• **Required action**
Before printing the listing, strip out its pictures and keep everything else exact.

• **Supplied material**
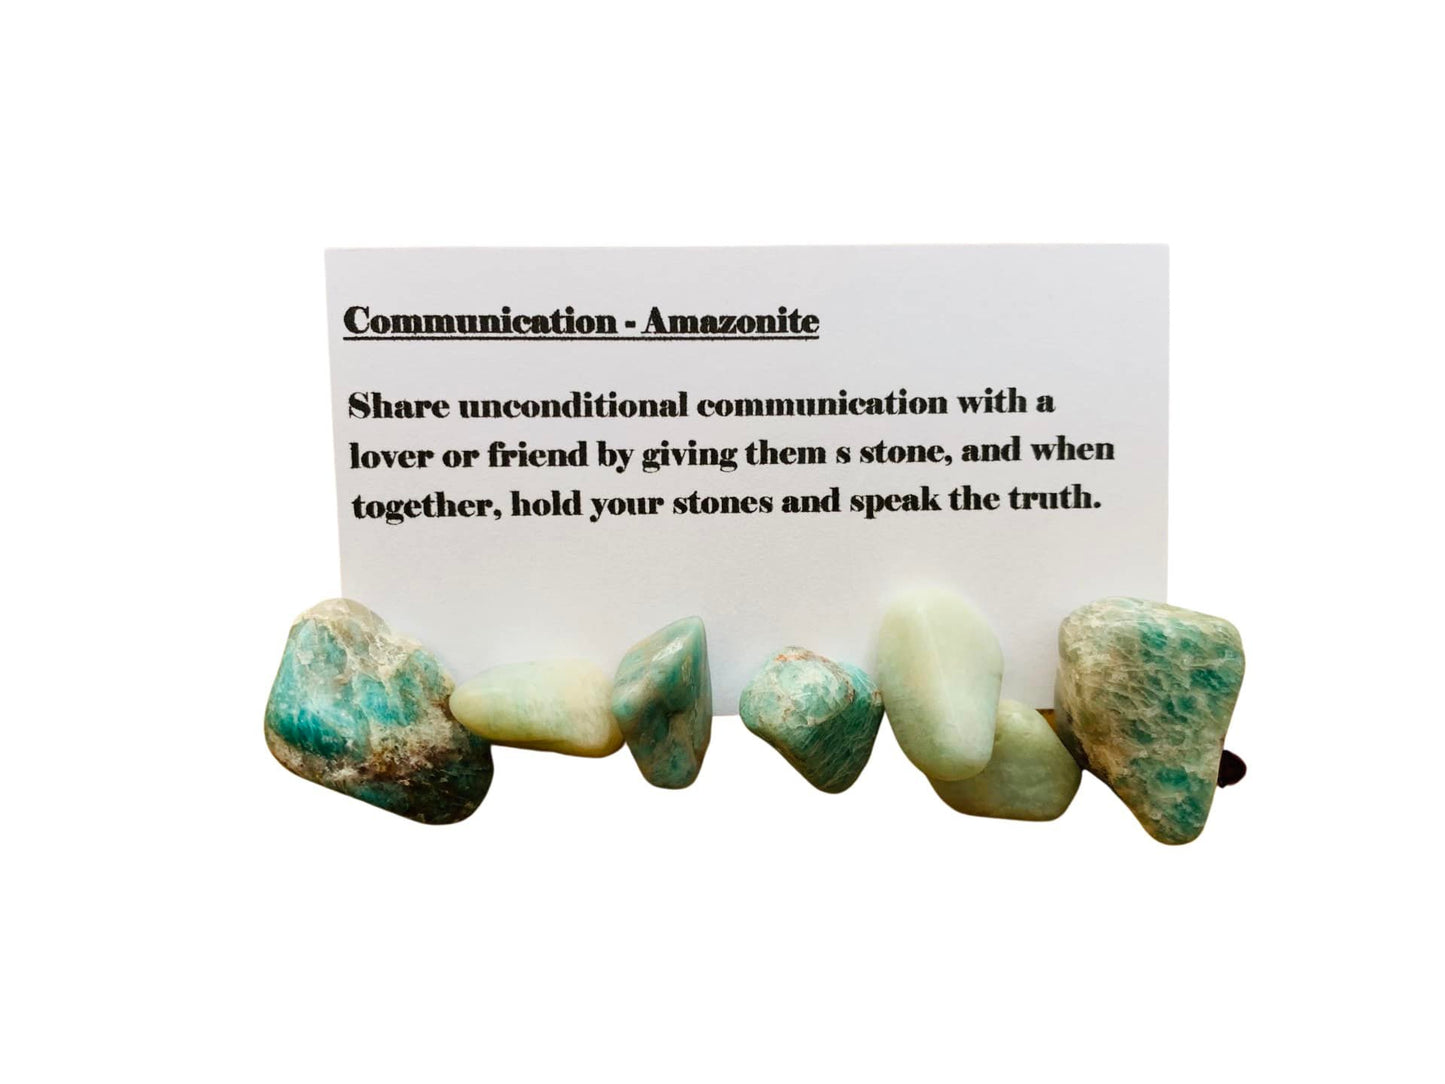 Communication: Amazonite
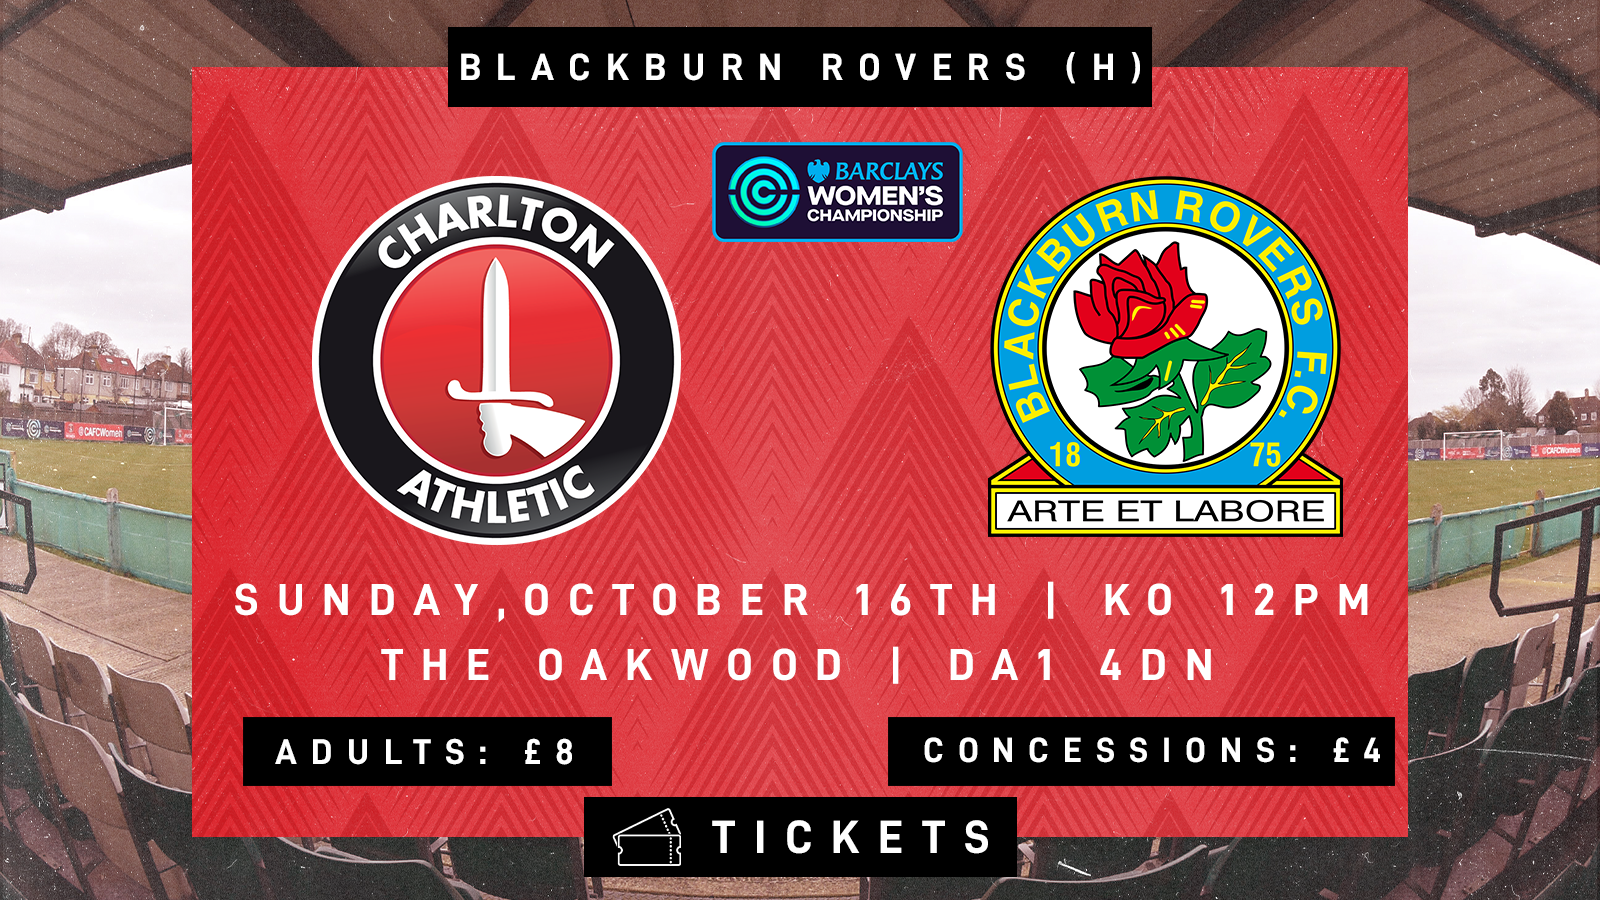 Blackburn Rovers Tickets 
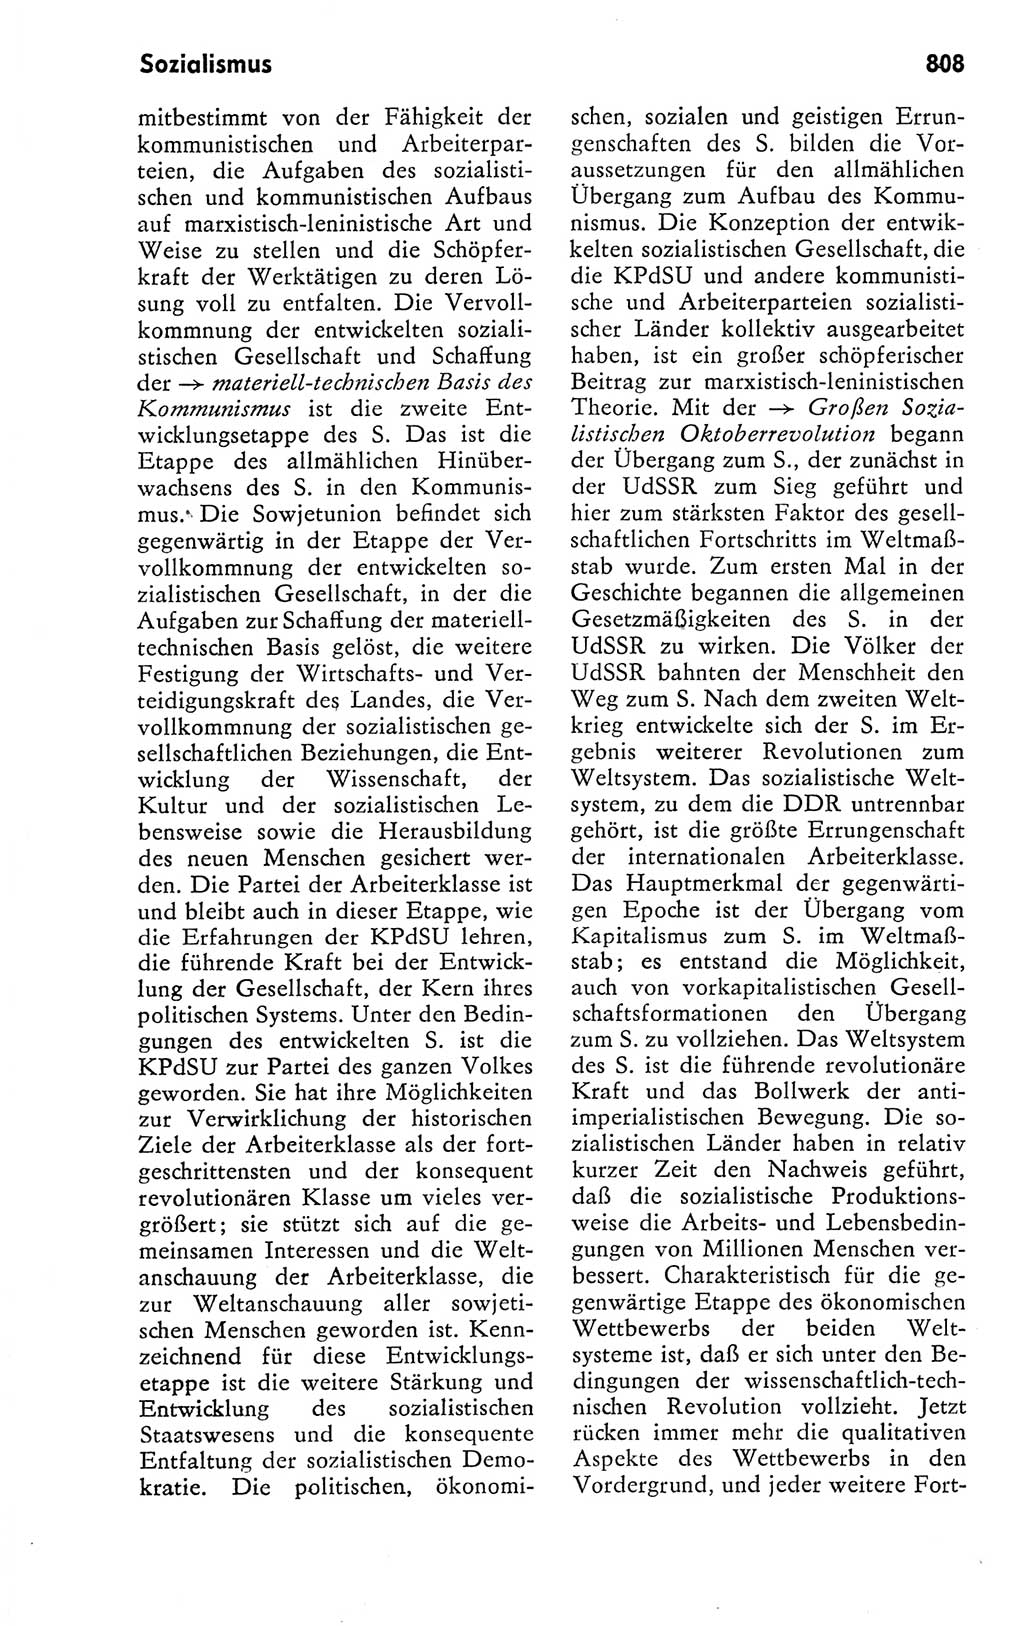 Kleines politisches Wörterbuch [Deutsche Demokratische Republik (DDR)] 1978, Seite 808 (Kl. pol. Wb. DDR 1978, S. 808)

• **Reply**
 Communication: Amazonite
 Blackburn Rovers Tickets 
 Kleines politisches Wörterbuch [Deutsche Demokratische Republik (DDR)] 1978, Seite 808 (Kl. pol. Wb. DDR 1978, S. 808)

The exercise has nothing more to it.